Assignment – Transcribe all of the data exactly. Images stay out.

Data provided –
■ ■ ■ ■ ■
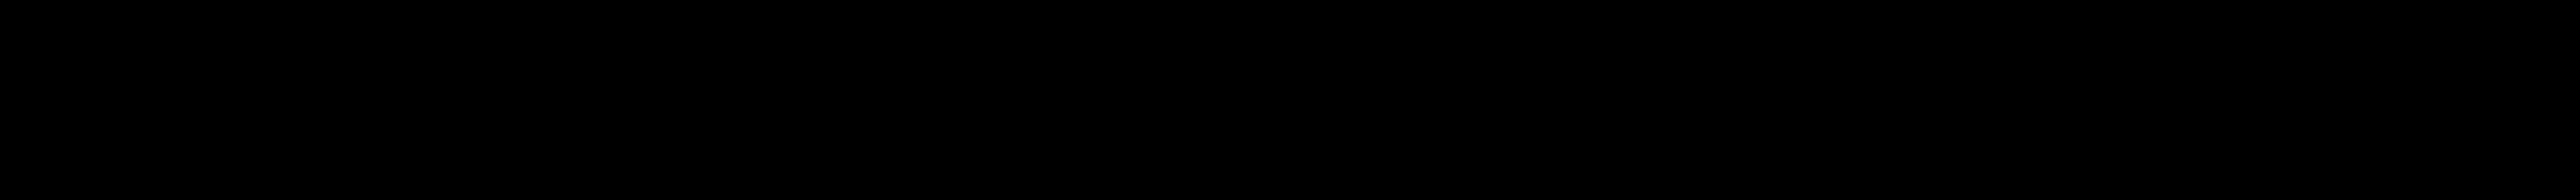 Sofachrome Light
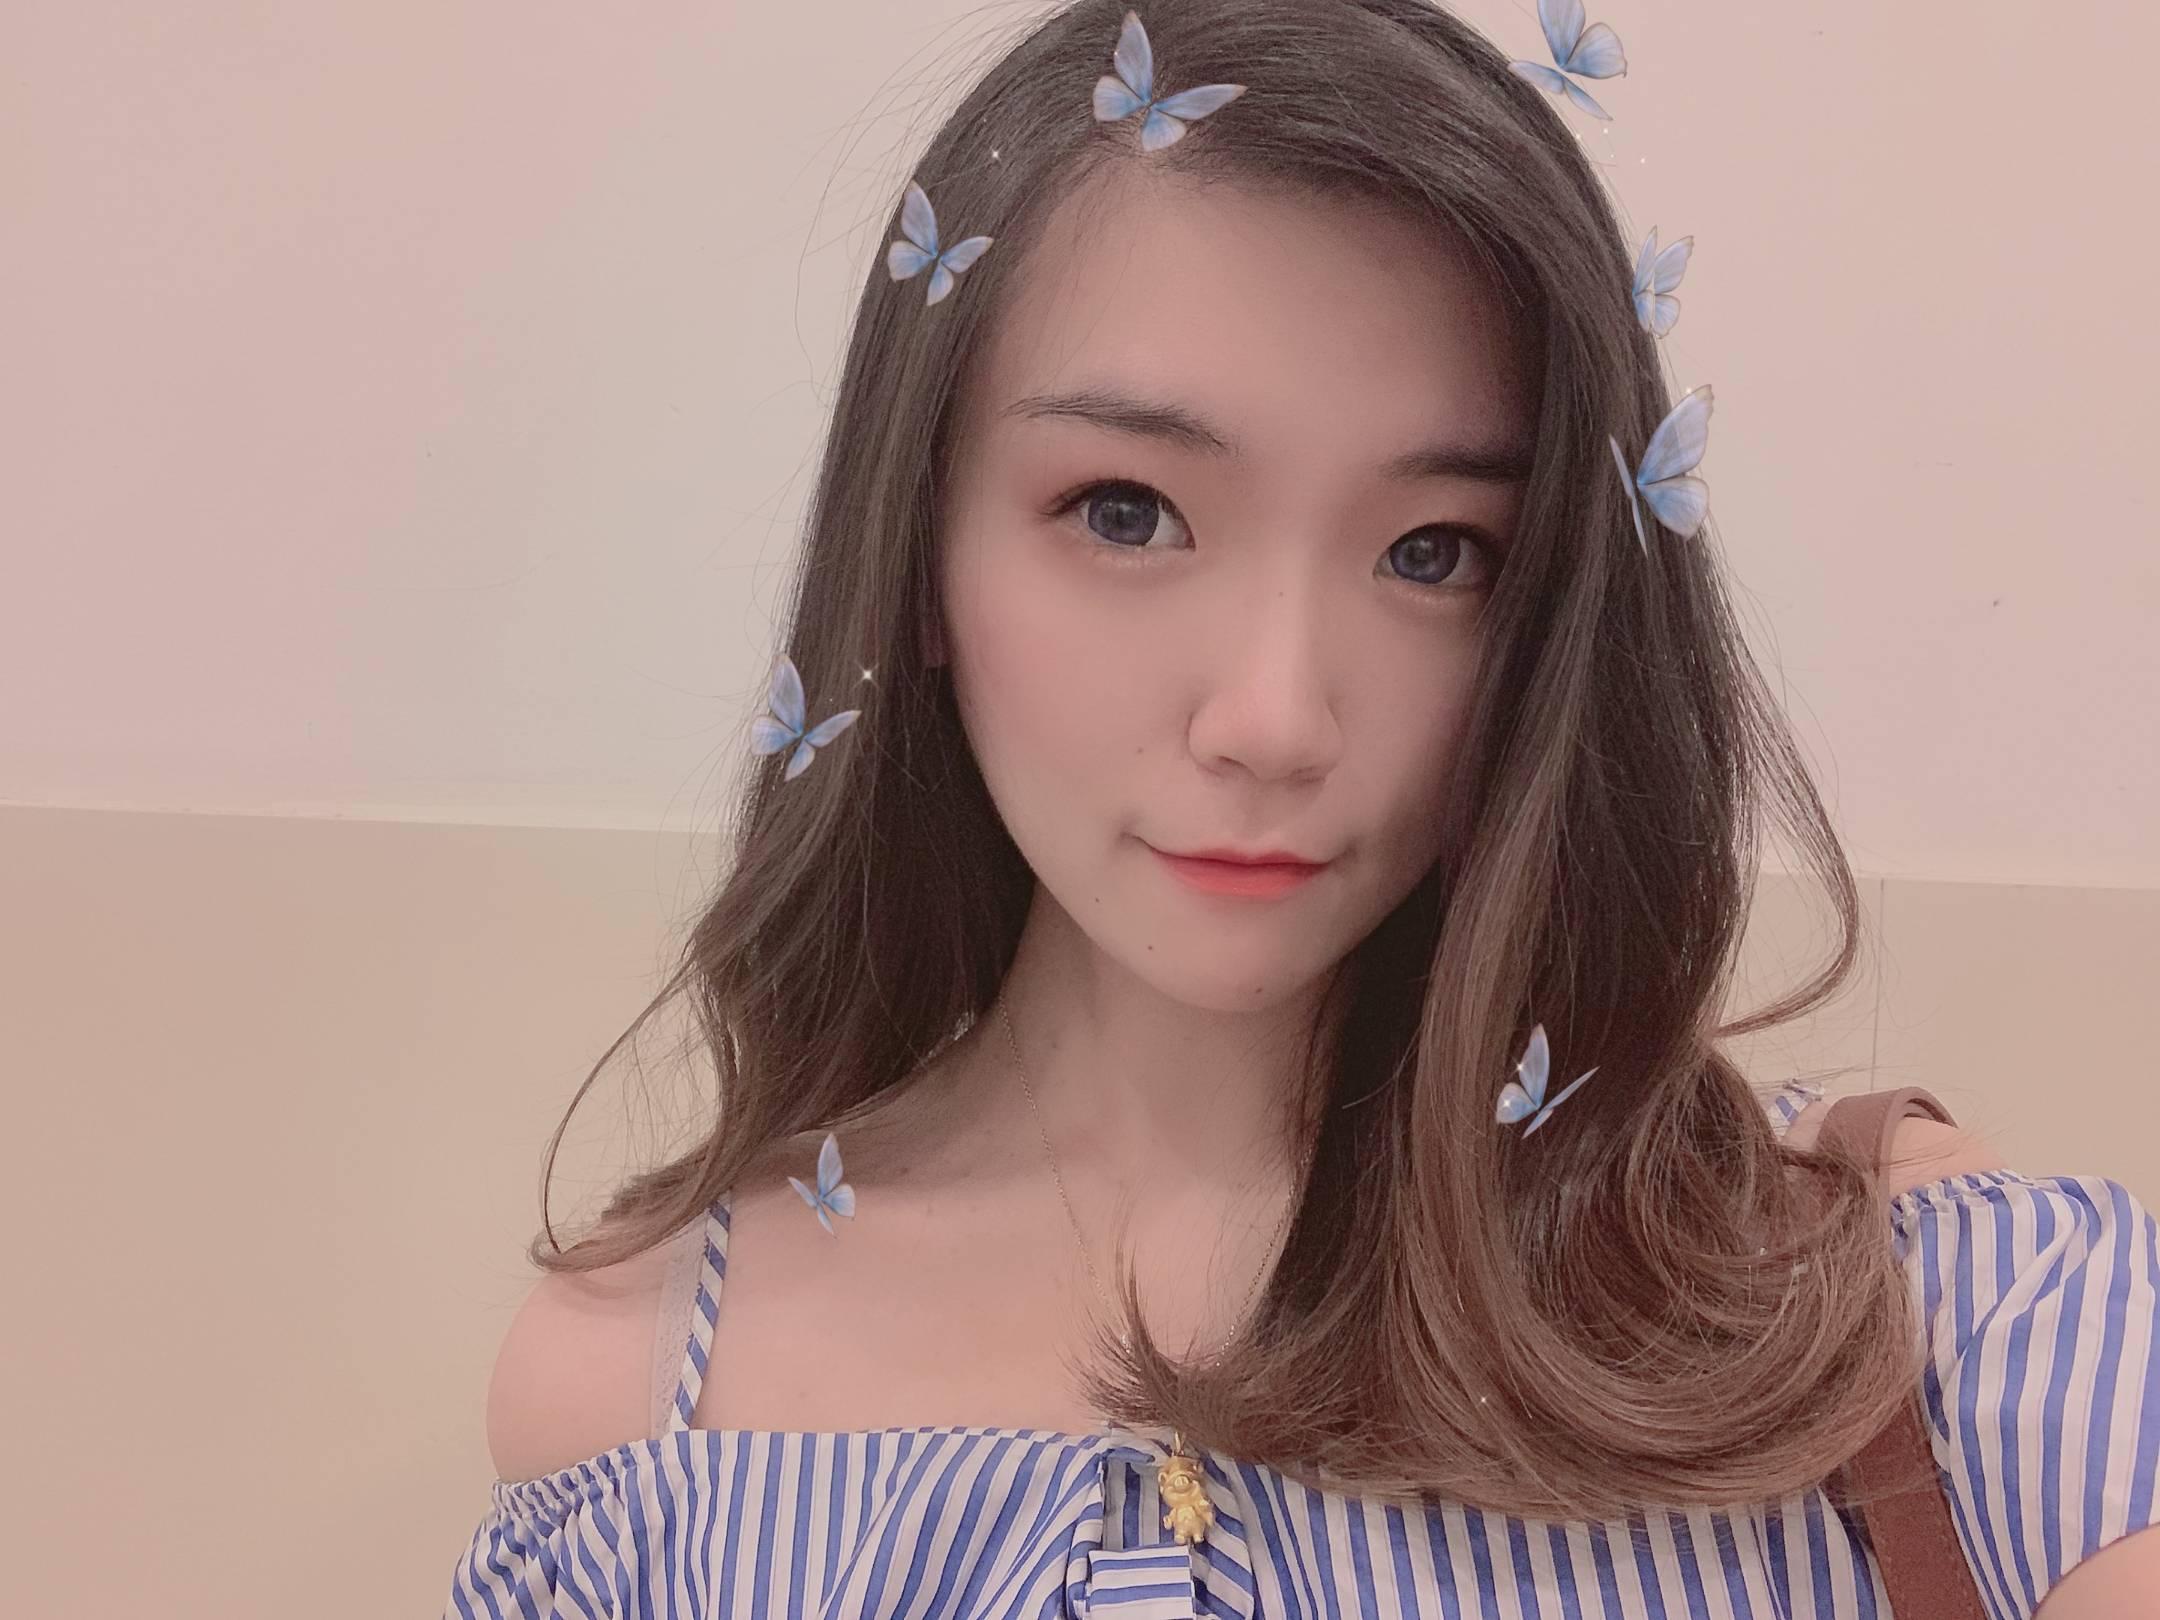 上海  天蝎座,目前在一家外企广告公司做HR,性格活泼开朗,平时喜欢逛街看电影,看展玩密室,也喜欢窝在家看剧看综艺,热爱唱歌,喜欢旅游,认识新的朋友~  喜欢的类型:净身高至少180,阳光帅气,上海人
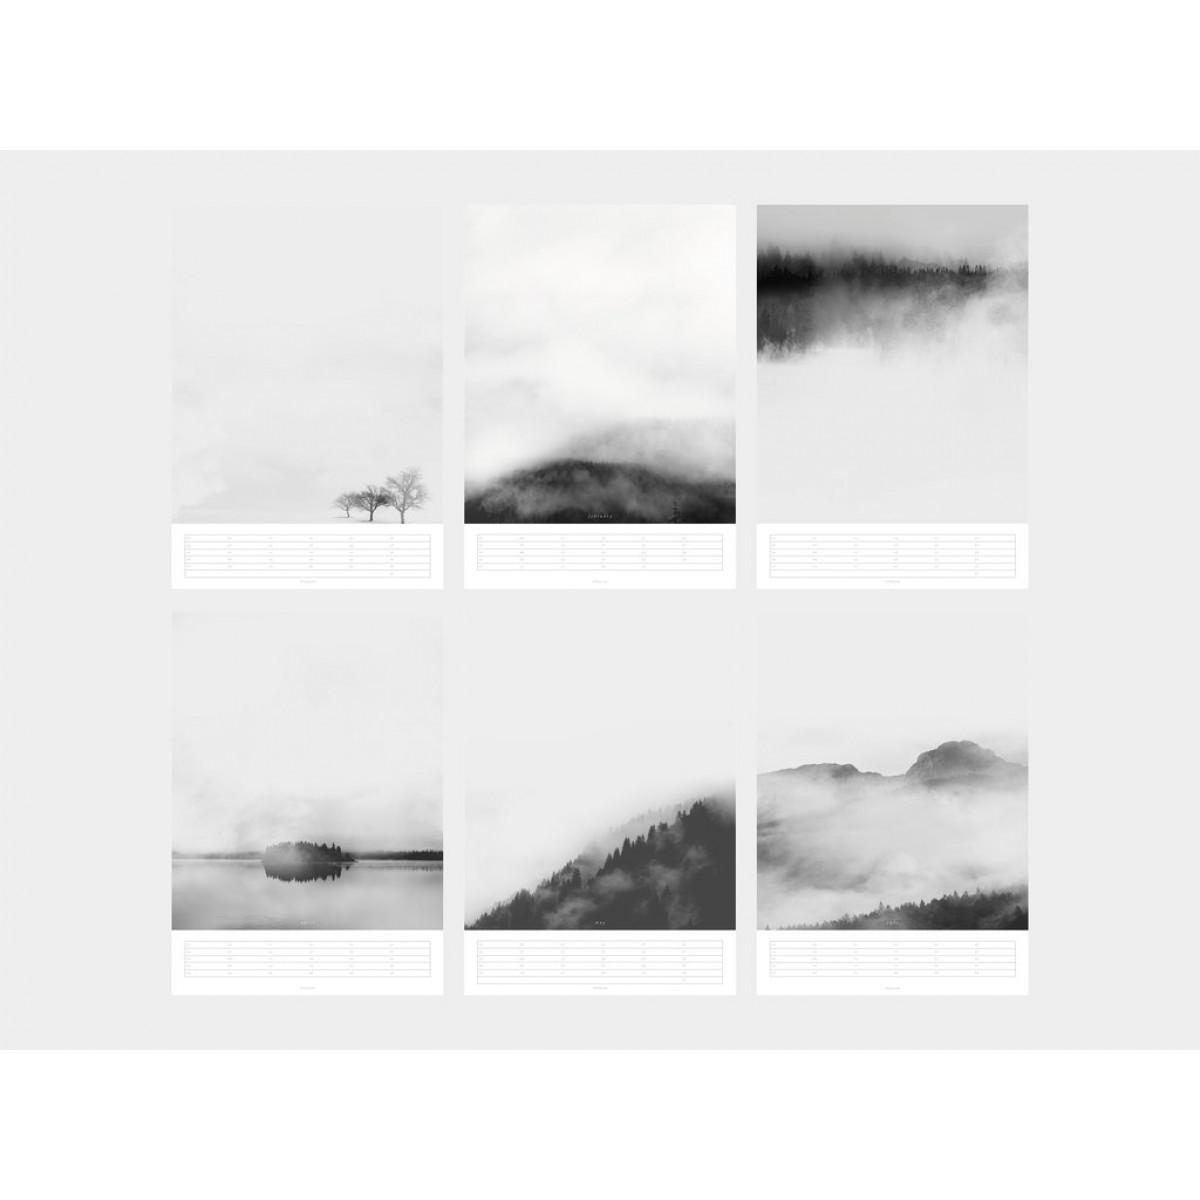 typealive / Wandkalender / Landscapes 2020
■ ■ ■ ■ ■
Your response –
 Sofachrome Light
 上海  天蝎座,目前在一家外企广告公司做HR,性格活泼开朗,平时喜欢逛街看电影,看展玩密室,也喜欢窝在家看剧看综艺,热爱唱歌,喜欢旅游,认识新的朋友~  喜欢的类型:净身高至少180,阳光帅气,上海人
 typealive / Wandkalender / Landscapes 2020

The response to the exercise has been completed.